Lobo se detuvo ante un impenetrable revoltijo de alambres y Jack vio a través del humo que se ponía de cuatro patas y trotaba de un lado a otro, buscando un espacio abierto. Arriba y abajo trotaba Lobo, cada vez alejándose más y exasperándose más cada segundo que pasaba. Al final se puso otra vez de pie, colocó las manos sobre el grueso revoltijo de alambres y procuró ensanchar un trozo para poder pasar por él.
—¡Lobo no puede! ¡Jason, Lobo no puede!
—Te quiero. Lobo —gritó Jack hacia la humeante llanura.
—¡JASON! —aulló Lobo—. ¡TEN CUIDADO! ¡VIENEN a buscarte! ¡Hay MAS!
«¿Más de qué?», quiso gritar Jack, pero no pudo. Lo sabía. Entonces, o bien cambió todo el carácter del sueño o se inició otro. Jack volvía a estar en el destrozado estudio de grabación y el despacho del Hogar del Sol y los olores de la pólvora y la carne quemada llenaban el aire. El cuerpo mutilado de Singer yacía en el suelo y la forma muerta de Casey colgaba del rectángulo de cristales rotos. Jack, sentado en el suelo, mecía a Lobo en sus brazos, y comprendía otra vez que Lobo estaba moribundo. Soló que Lobo no era Lobo.
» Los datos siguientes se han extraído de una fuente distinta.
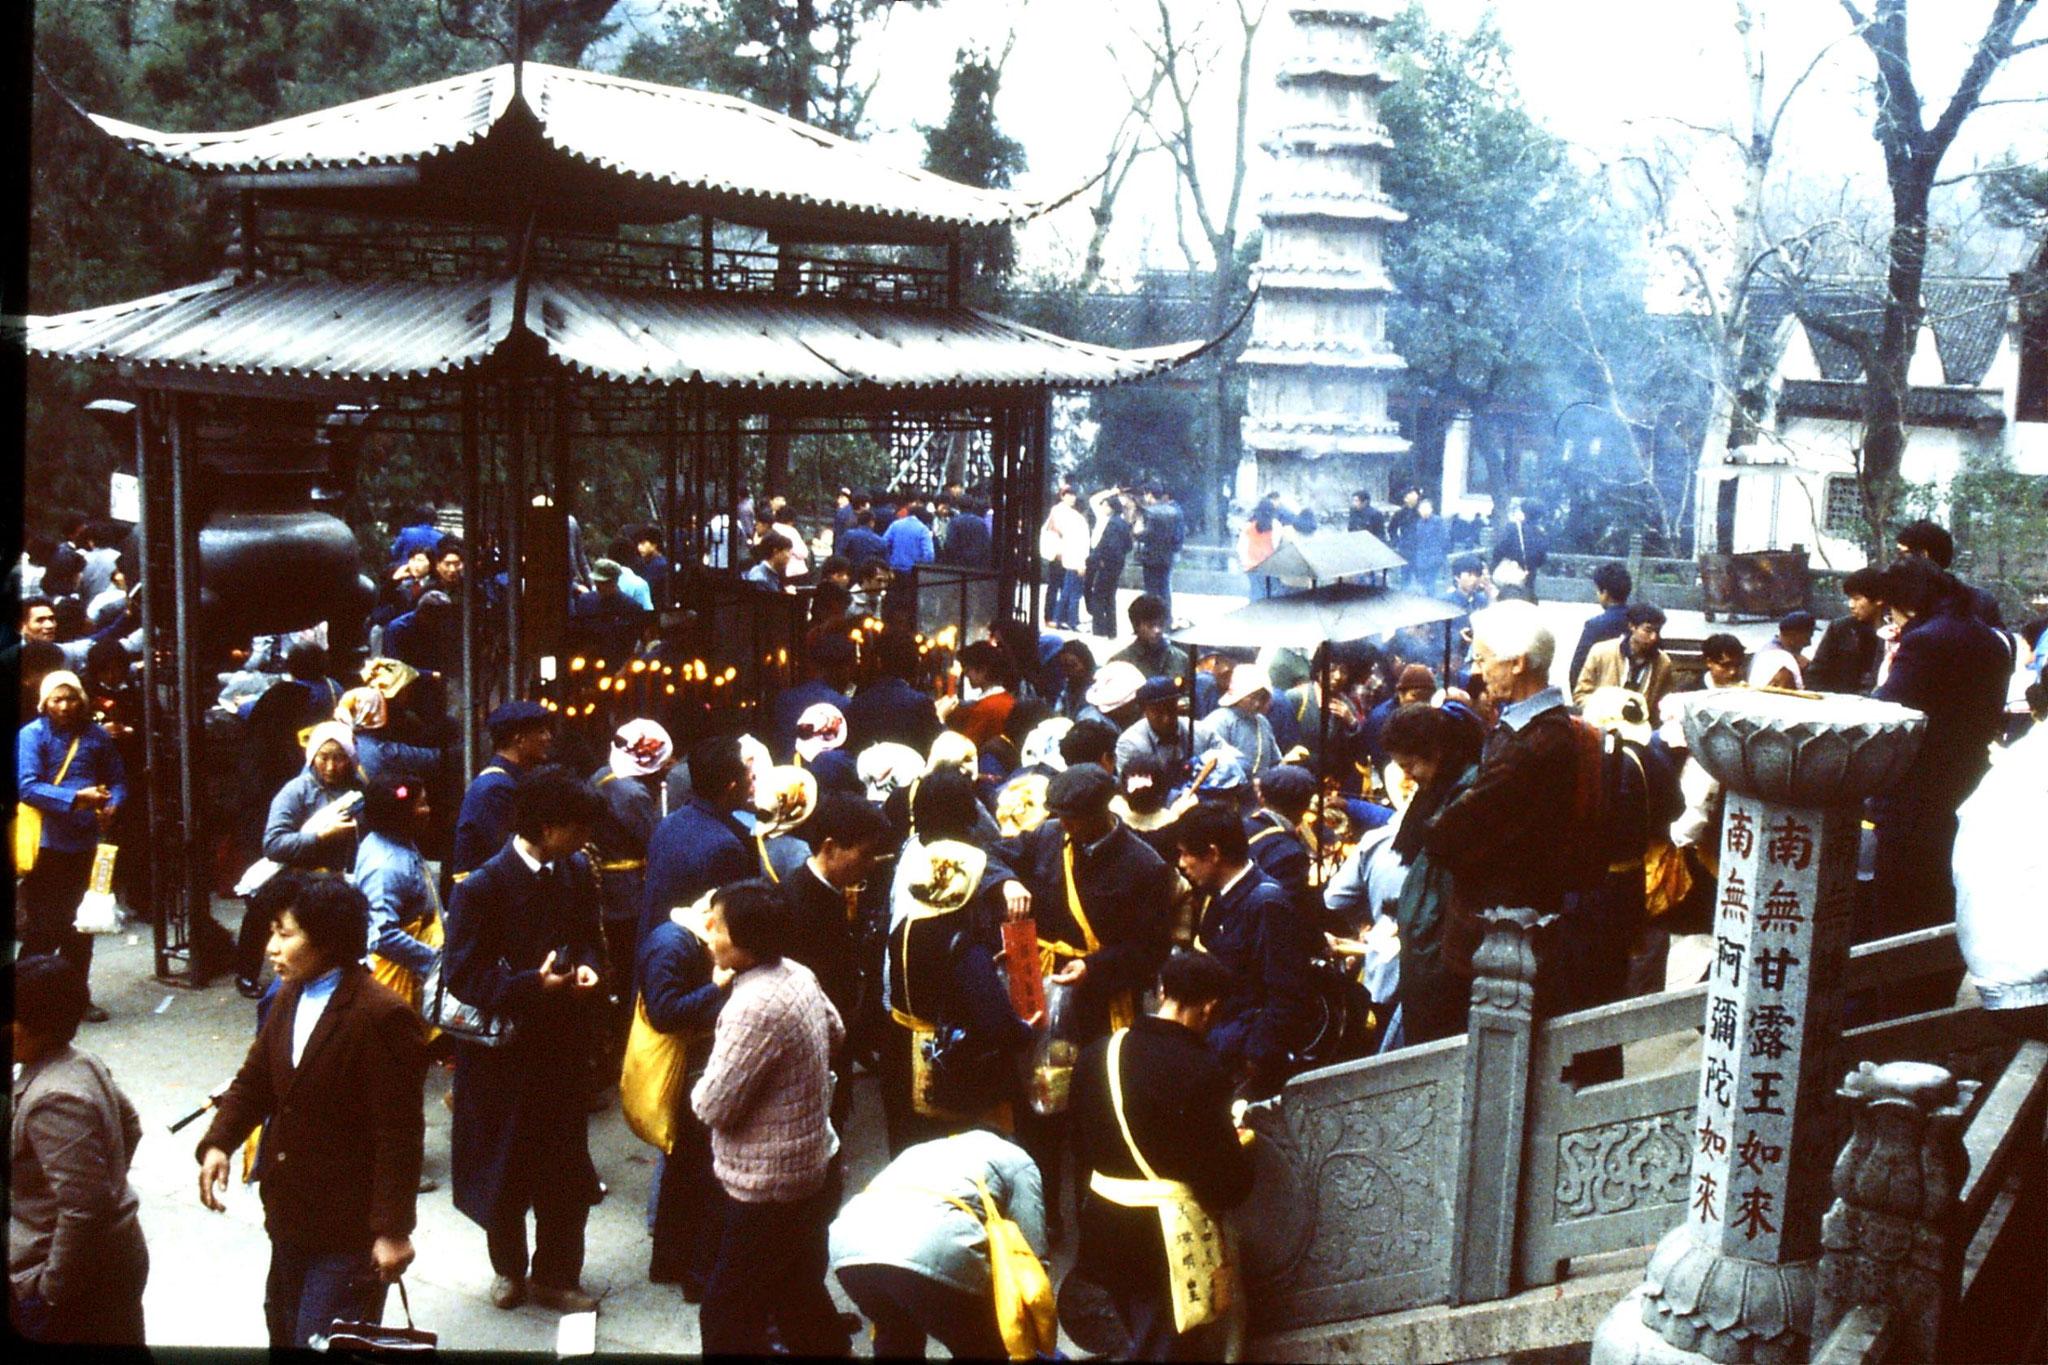 25/3/1989: 11: Hangzhou temple

Jack sostenía el cuerpo tembloroso de Richard Sloat y era Richard quien se moría. Tras los cristales de sus severas gafas de plástico negro, los ojos de Richard se movían sin rumbo, con expresión doliente. Oh, no, oh, no, gimió Jack, horrorizado. Habían destrozado el brazo de Richard y su pecho era un amasijo de carne entre la camisa blanca manchada de sangre. Huesos fracturados resaltaban por su blancura aquí y allá, como dientes.
—No quiero morir —dijo Richard y cada palabra le costaba un esfuerzo sobrehumano—. Jason, no debes… no debías…
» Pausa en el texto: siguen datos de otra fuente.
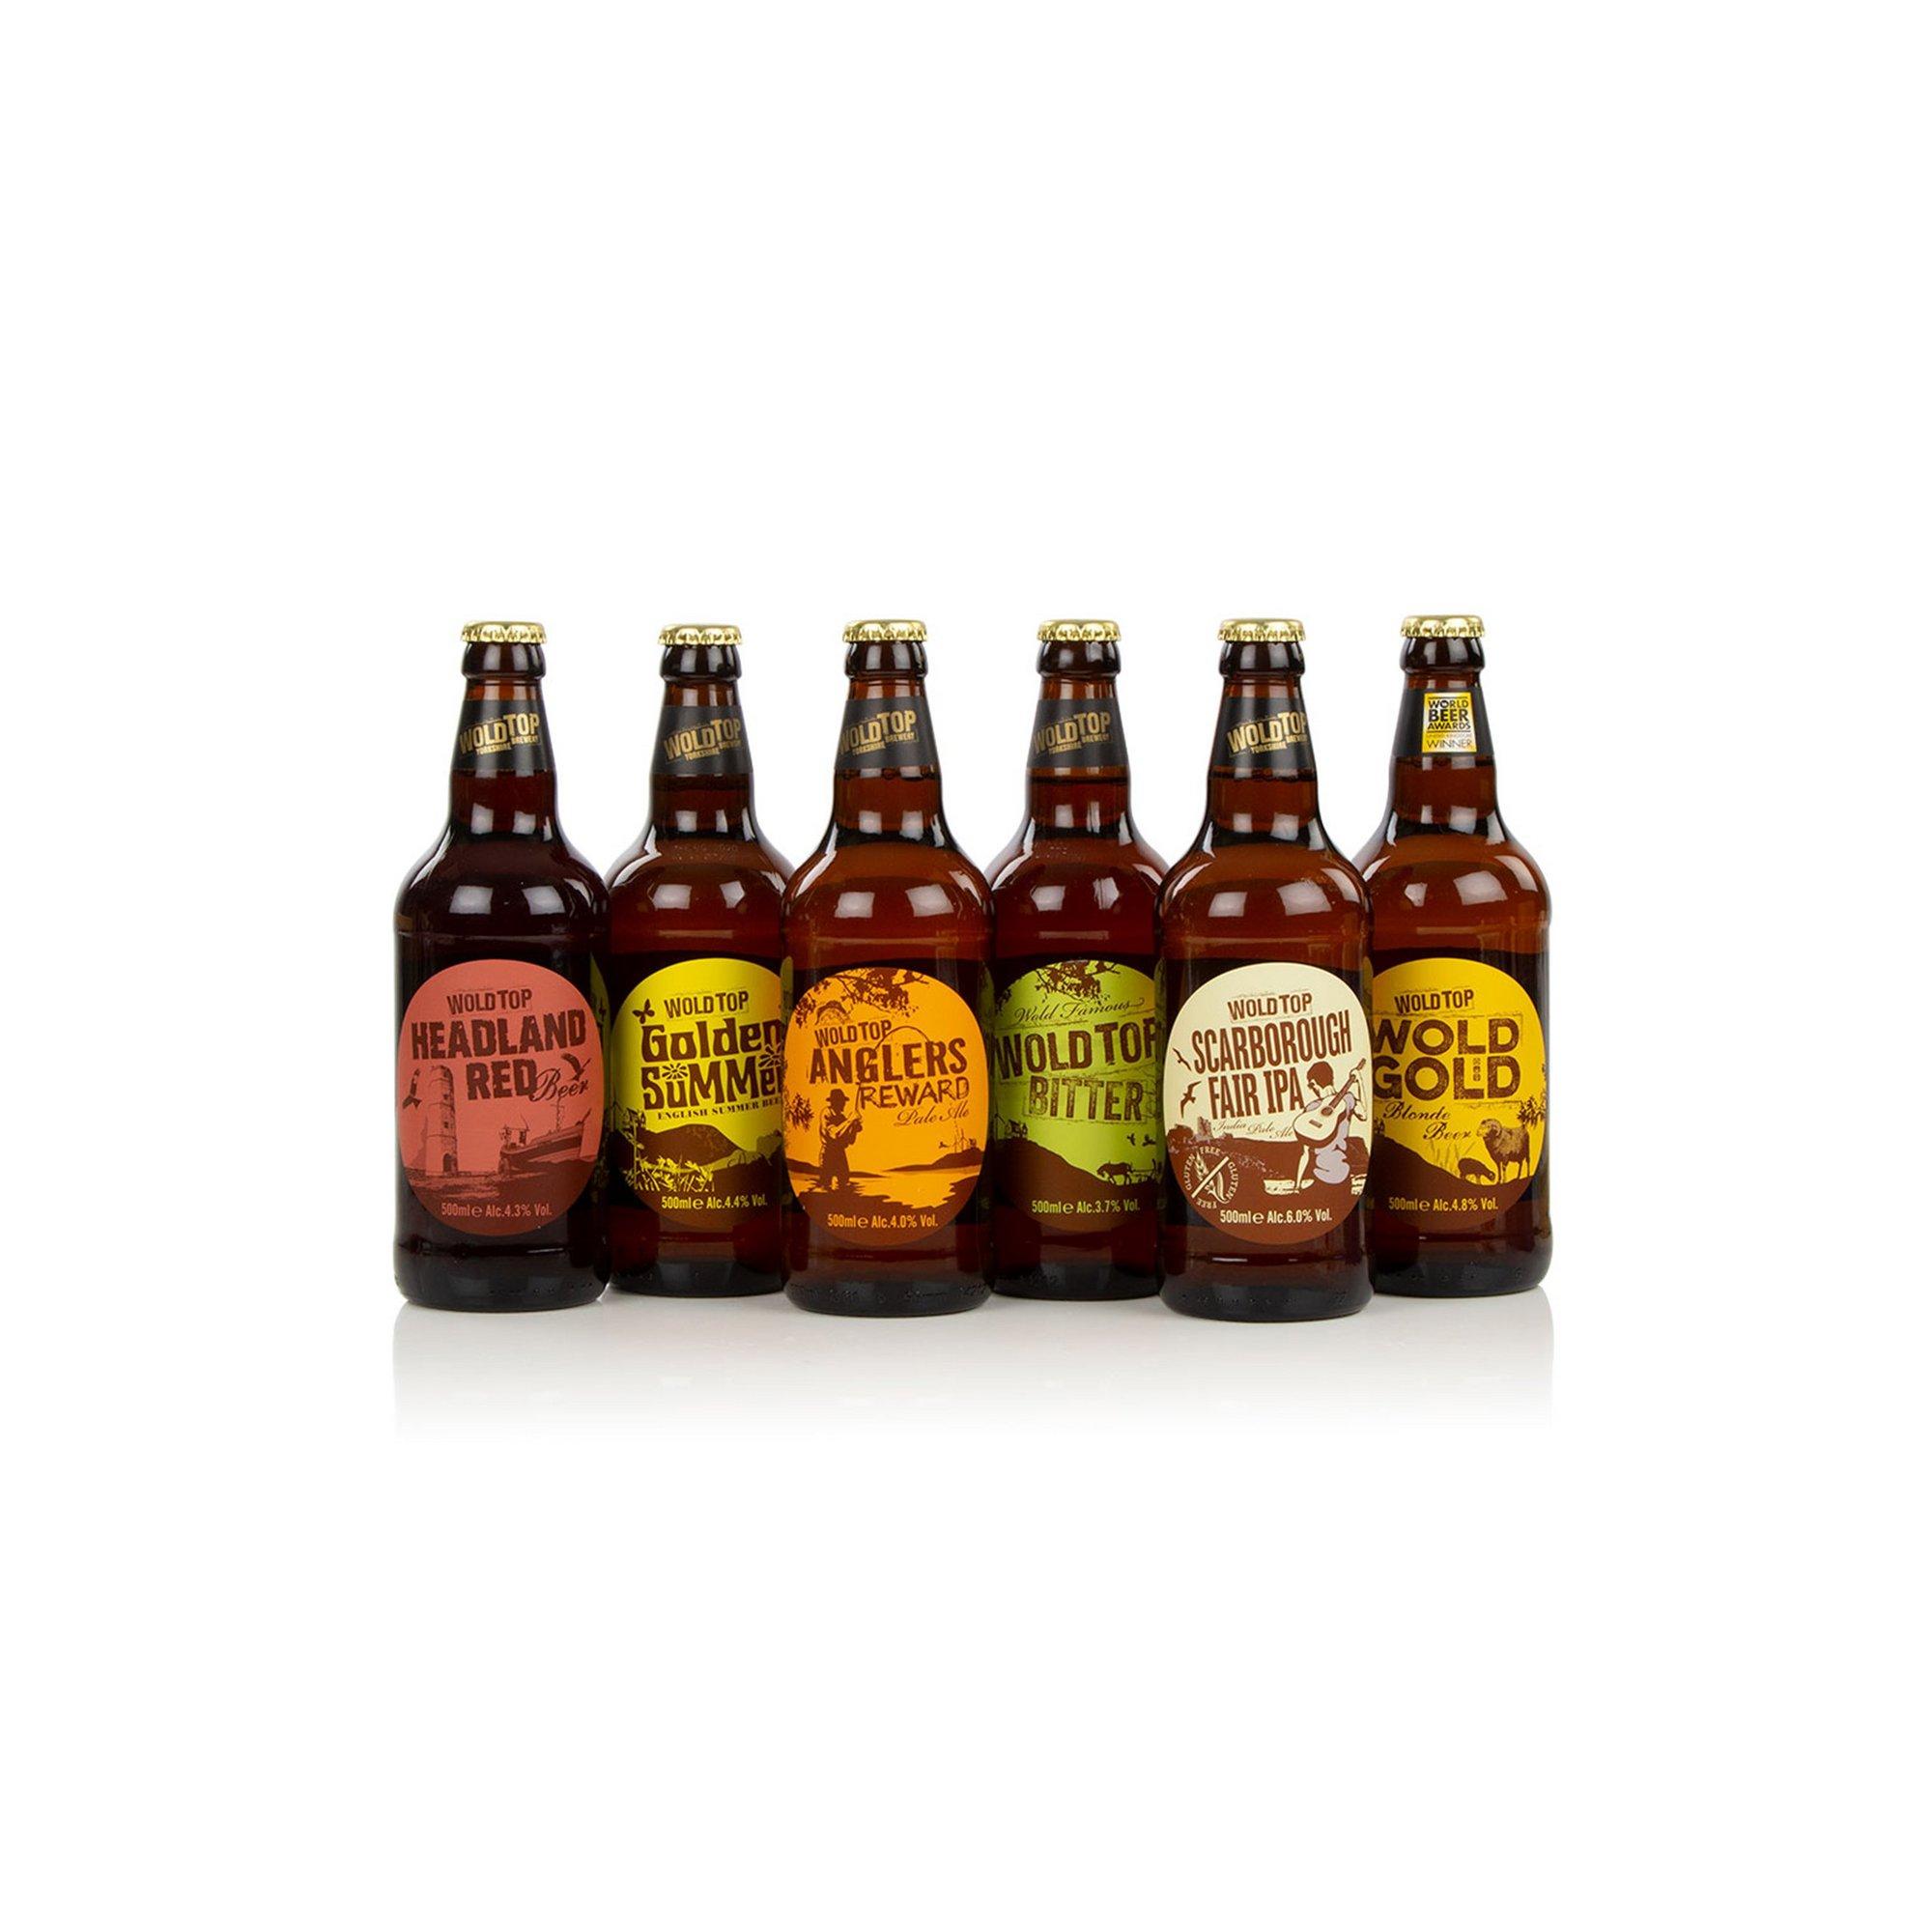 Image of Beer Lovers Case

—No puedes morir tú también —suplicó Jack—, tú también no. El torso de Ricard cayó en los brazos de Jack y un sonido largo y líquido escapó de su garganta; entonces los ojos de Richard, de improviso claros y tranquilos, se cruzaron con los de Jack. «Jason. —El sonido del nombre, que era casi apropiado, flotó con suavidad en el aire fétido—. Tú me has matado», profirió Richard, o mejor, «tú has atado», porque sus labios no podían juntarse para formar una de las letras. Sus ojos volvieron a desenfocarse y al instante su cuerpo pareció pesar más en los brazos de Jack. Ya no quedaba vida en el cuerpo. Jason DeLoessian le miró fijamente, conmovido en lo más hondo…
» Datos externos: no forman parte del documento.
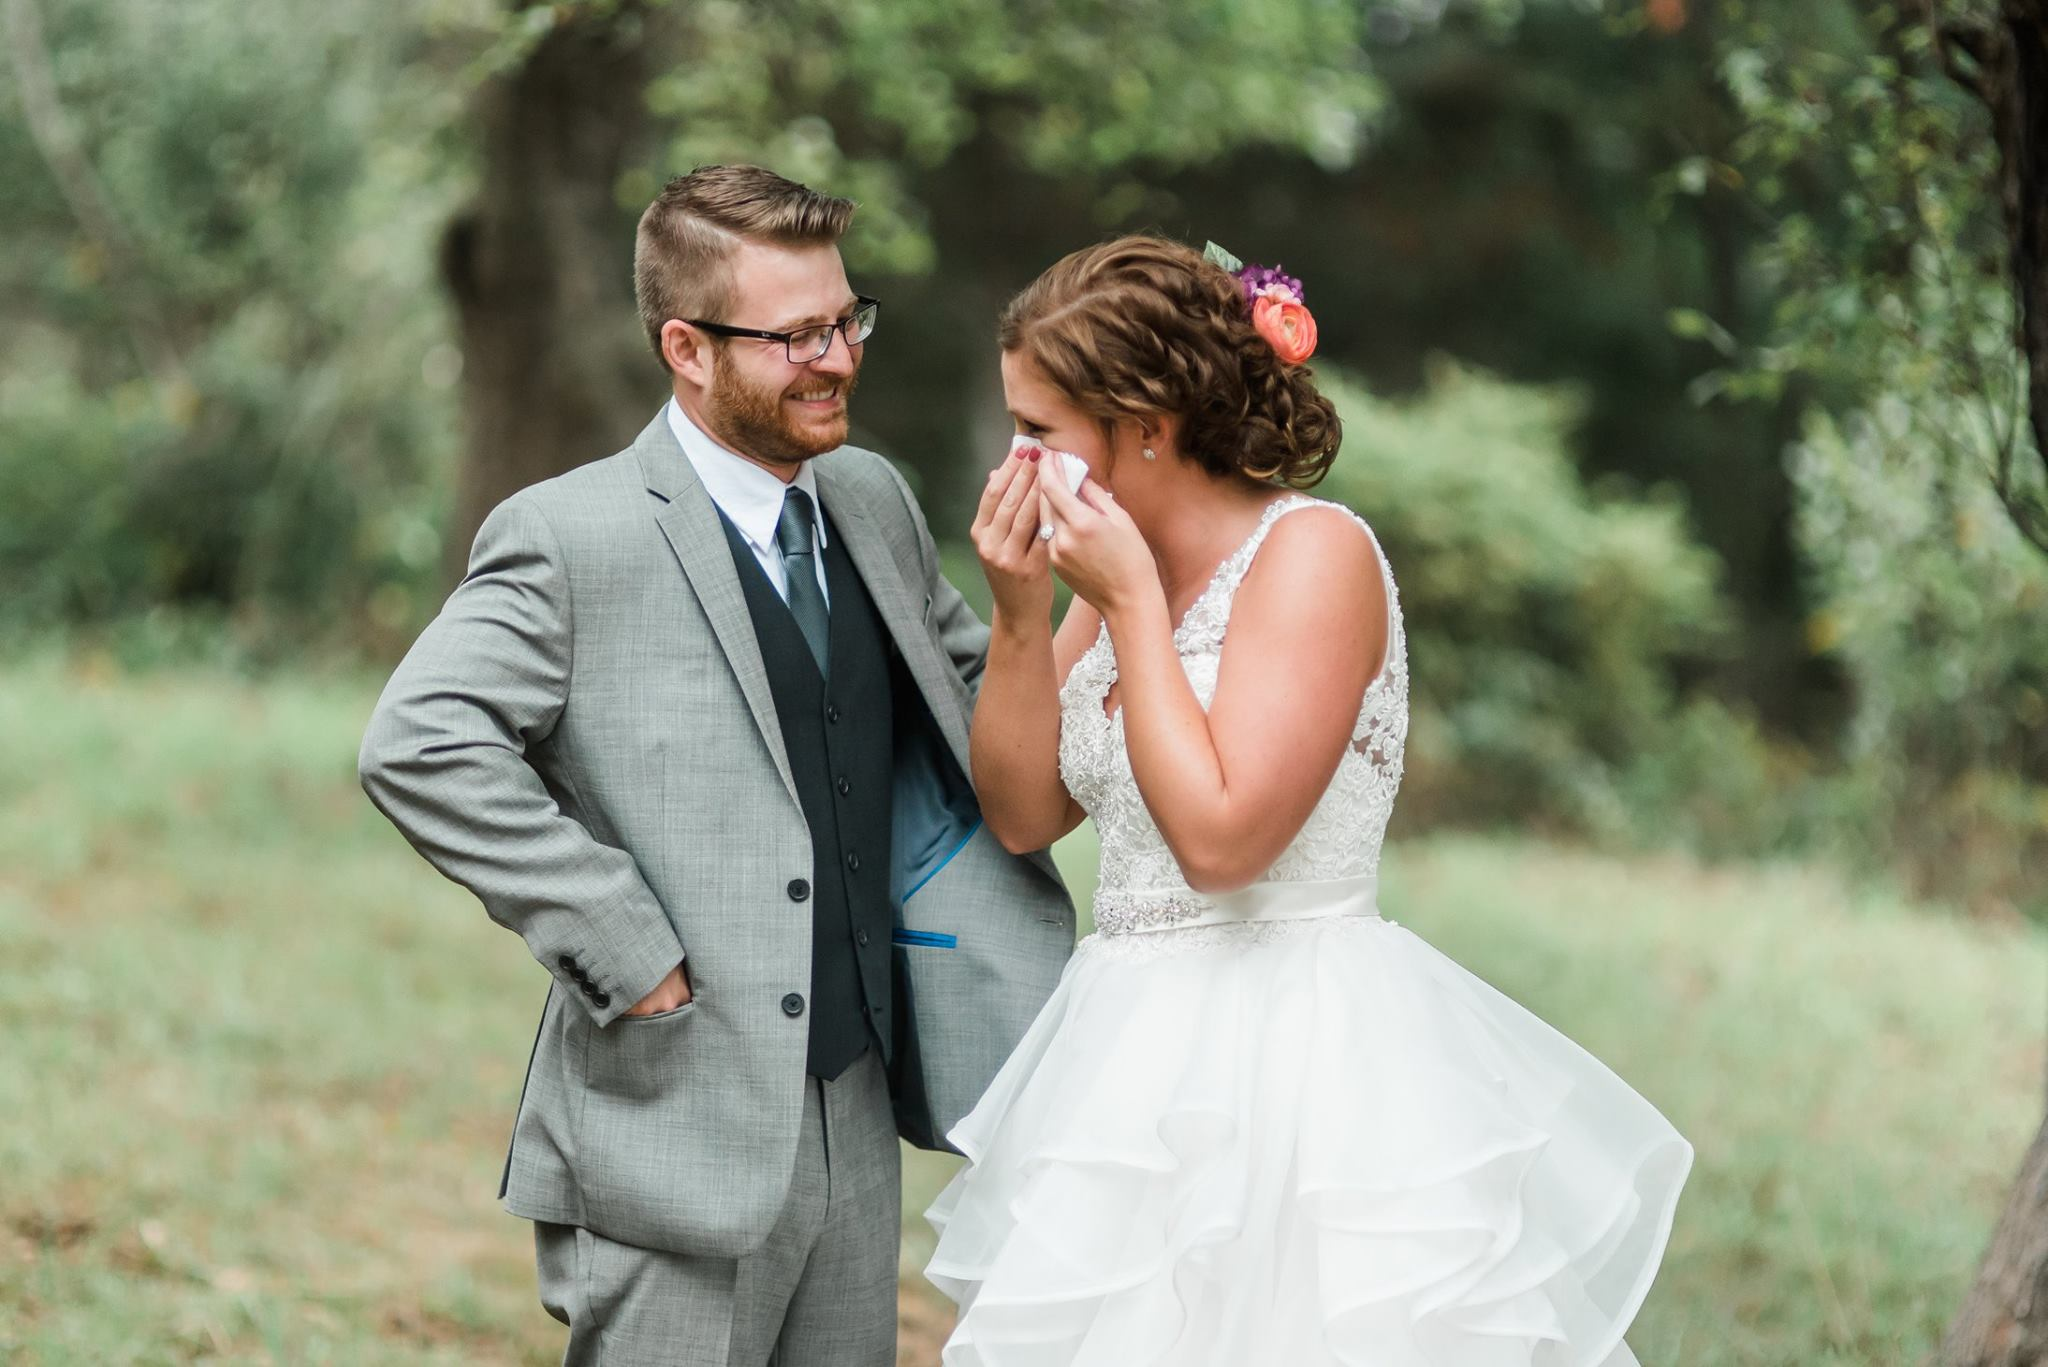 pennsylvania-backyard-wedding-love-diy-bohemian-romantic-colorful-0013.jpg

… y Jack Sawyer se incorporó de repente en la cama fría y desconocida de una pensión de Decatur, Illinois, y al resplandor amarillento proyectado por un farol de la acera opuesta vio su propio aliento dividirse en dos gruesas plumas, como exhalado por dos bocas a la vez. Consiguió no gritar juntando las manos, sus propias manos, y apretándolas con tanta fuerza como si quisiera abrir una nuez. Otra enorme pluma blanca de aire brotó de sus pulmones.
Richard.
Lobo corriendo por aquel mundo muerto, llamándole… ¿cómo? Jason.
El corazón del muchacho dio un vuelco rápido y decidido, con el ímpetu de un caballo al saltar una valla.